1. `nisupply.io`: for input-output-operations (finding files, copying them over to a different directory)
2. `nisupply.structure`: helper functions to bring the dataset into a new format
3. `nisupply.utils`: helper functions that work on the files themselves (e.g. uncompressing `.nii.gz` to `.nii` as needed for SPM12)

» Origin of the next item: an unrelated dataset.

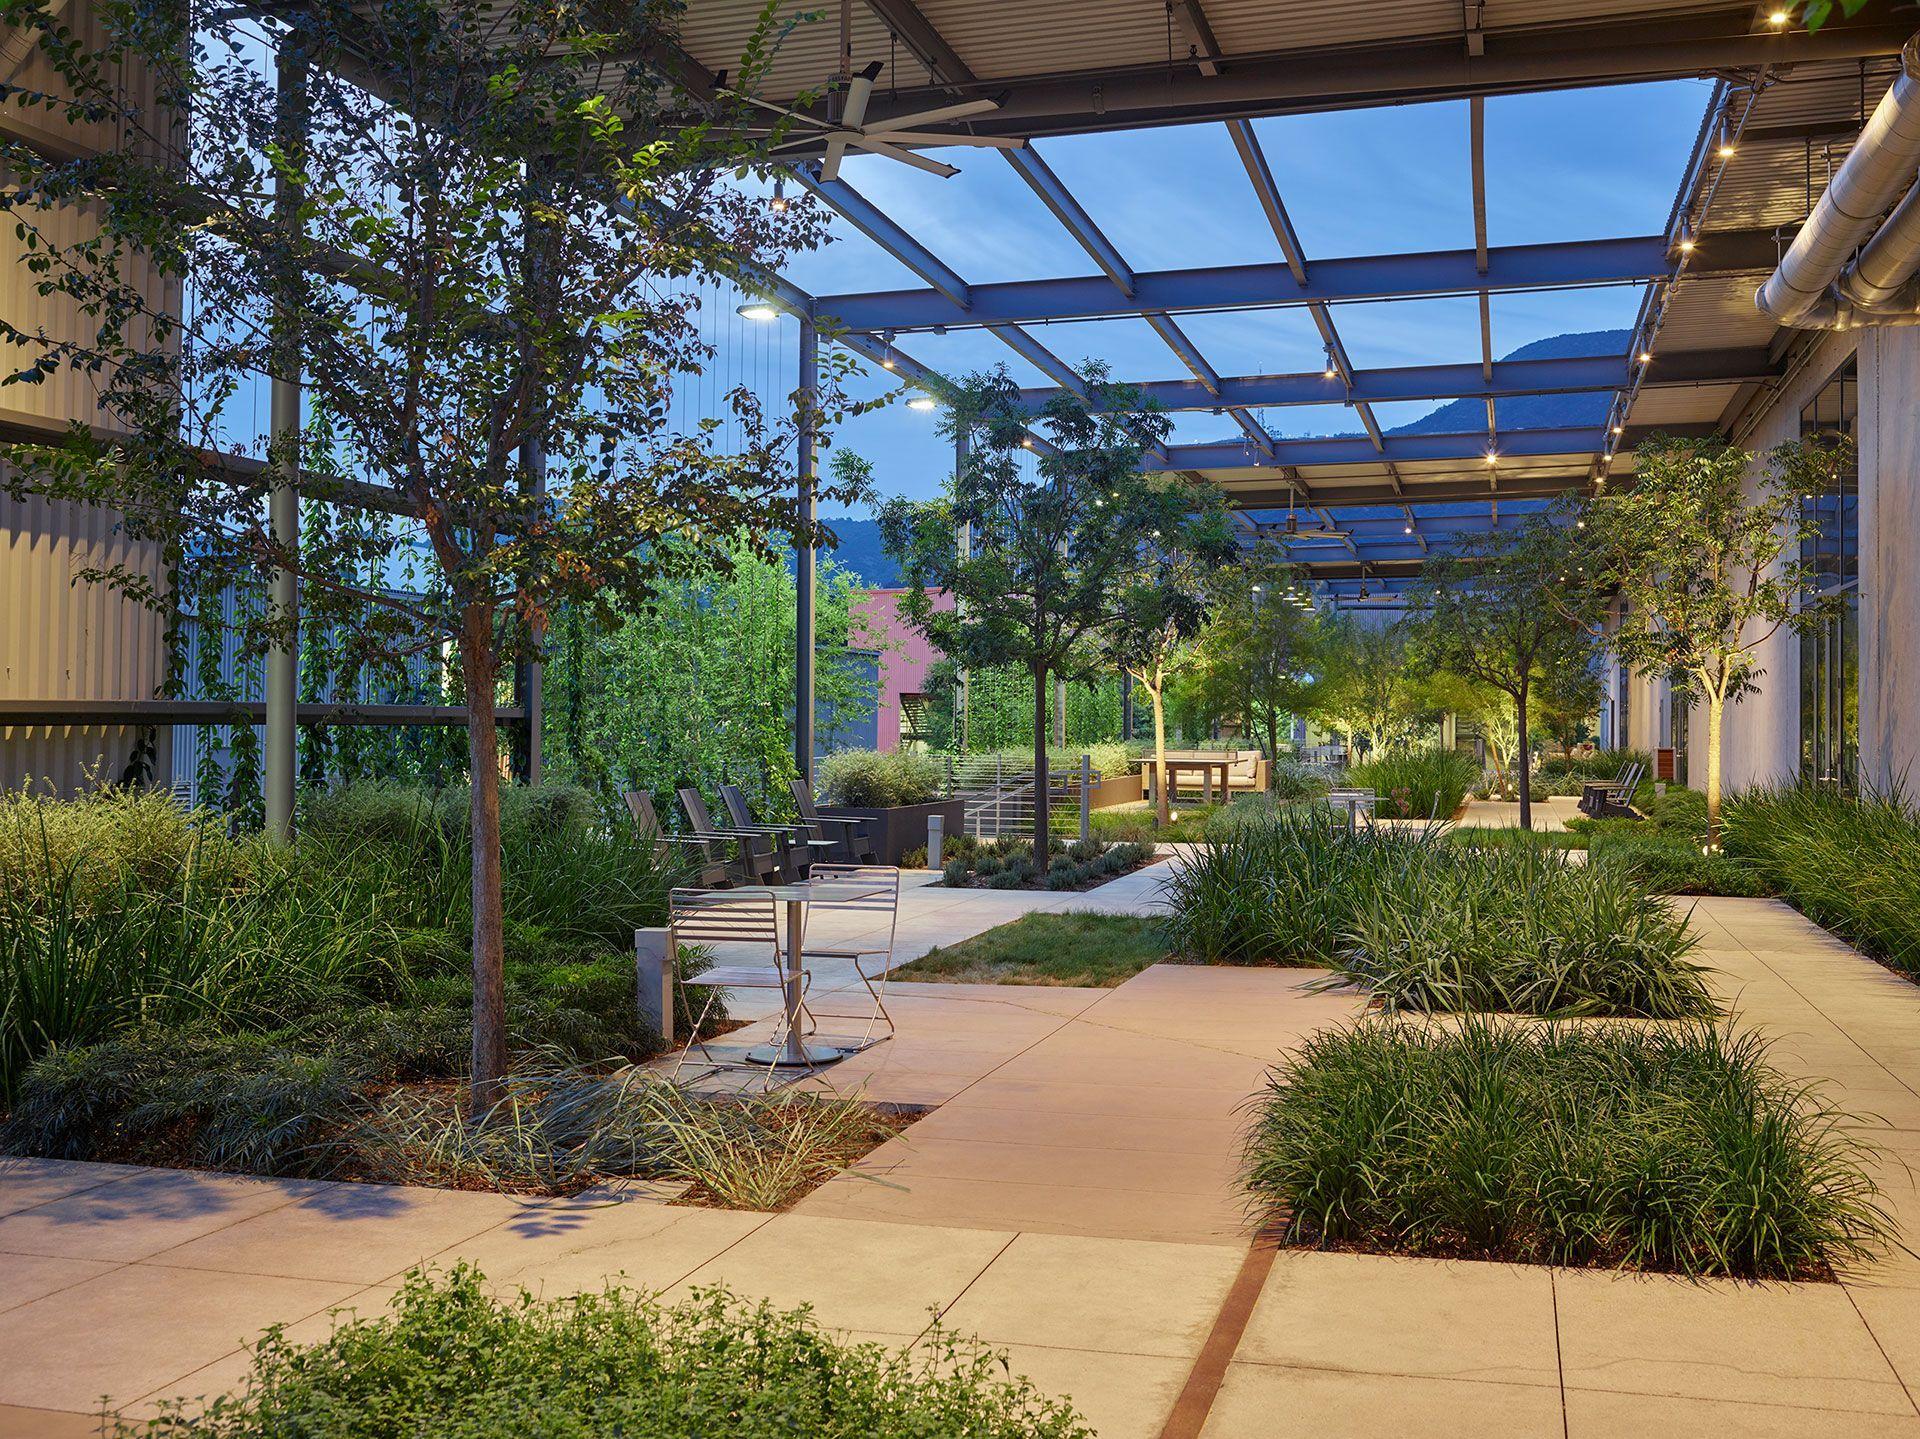 Sierra Bonita Apartments Modern Landscaping Backyard Landscaping Modern Garden Design Urban Landsca Modern Landscaping Modern Garden Design Courtyard Design

Consider this semistructured dataset as an example:

```
src
├── fmri_nback_subject_3_session_2.nii.gz
├── subject_1
│   ├── fmri_gambling.nii.gz
│   ├── fmri_nback.nii.gz
│   └── session_2
│   └── fmri_nback.nii.gz
├── subject_2_fmri_nback.nii.gz
└── subject_4.txt
```

We can run `nisupply.io.get_filepath_df` on this directory to find all the files that we need and gather the filepaths in a pandas dataframe (that is, search the directory `./src` for files that end with `.nii.gz` and start with `fmri_nback`. Add two new columns `subject_id`
and `task` to it that extract these entities using regular expressions).

```
df = get_filepath_df(src_dir='./src',
regex_dict={'subject_id':'subject_(\d)',
'task': 'fmri_(nback|gambling)'},
file_suffix='.nii.gz',
file_prefix='fmri_nback')
```
This gives you a pandas dataframe that looks like this:

```
filepath subject_id task
0 src/fmri_nback_subject_3_session_2.nii.gz 3 nback
1 src/subject_1/fmri_nback.nii.gz 1 nback
2 src/subject_1/session_2/fmri_nback.nii.gz 1 nback
```

We can now use `nisupply.structure.get_file_extension` and `nisupply.structure.get_new_filepath` to create a new filepath
for each file:

```
df = get_file_extension(df)
df['dst'] = './dst'
df = get_new_filepath(df,template="{dst}/sub-{subject_id}/sub-{subject_id}_task-{task}{file_extension}")
```

Which outputs:

```
filepath ... filepath_new
0 src/fmri_nback_subject_3_session_2.nii.gz ... ./dst/sub-3/sub-3_task-nback.nii.gz
1 src/subject_1/fmri_nback.nii.gz ... ./dst/sub-1/sub-1_task-nback.nii.gz
2 src/subject_1/session_2/fmri_nback.nii.gz ... ./dst/sub-1/sub-1_task-nback.nii.gz
```

Finally, we can copy over the files using `nisupply.io.copy_files(df,src_col='filepath',tgt_col='filepath_new')` to a new location to obtain a new
tidy dataset:

```
dst/
├── sub-1
│   └── sub-1_task-nback.nii.gz
└── sub-3
└── sub-3_task-nback.nii.gz
```

## Note
The nisupply module does **not** provide any functions to convert DICOM files to NIFTI files. If you are looking for tools to do that, check out tools like [heudiconv](https://heudiconv.readthedocs.io/en/latest/) or [bidscoin](https://bidscoin.readthedocs.io/en/latest/) that can do that for you.

## Similar Projects
There are similar projects out there following the same idea:
1. Have a look at Stephen Larroque's [pathmatcher](https://github.com/lrq3000/pathmatcher) package which works primarily with regex.
2. The [interfaces.io](https://nipype.readthedocs.io/en/latest/api/generated/nipype.interfaces.io.html) module from `nipype` (especially the [DataFinder](https://nipype.readthedocs.io/en/latest/api/generated/nipype.interfaces.io.html#datafinder) class)

The focus of nisupply is to avoid quite unreadable regex-matches as much as possible. It therefore is best suited for semi-structured datsets that are neither completely unordered but also neither 100% standardized.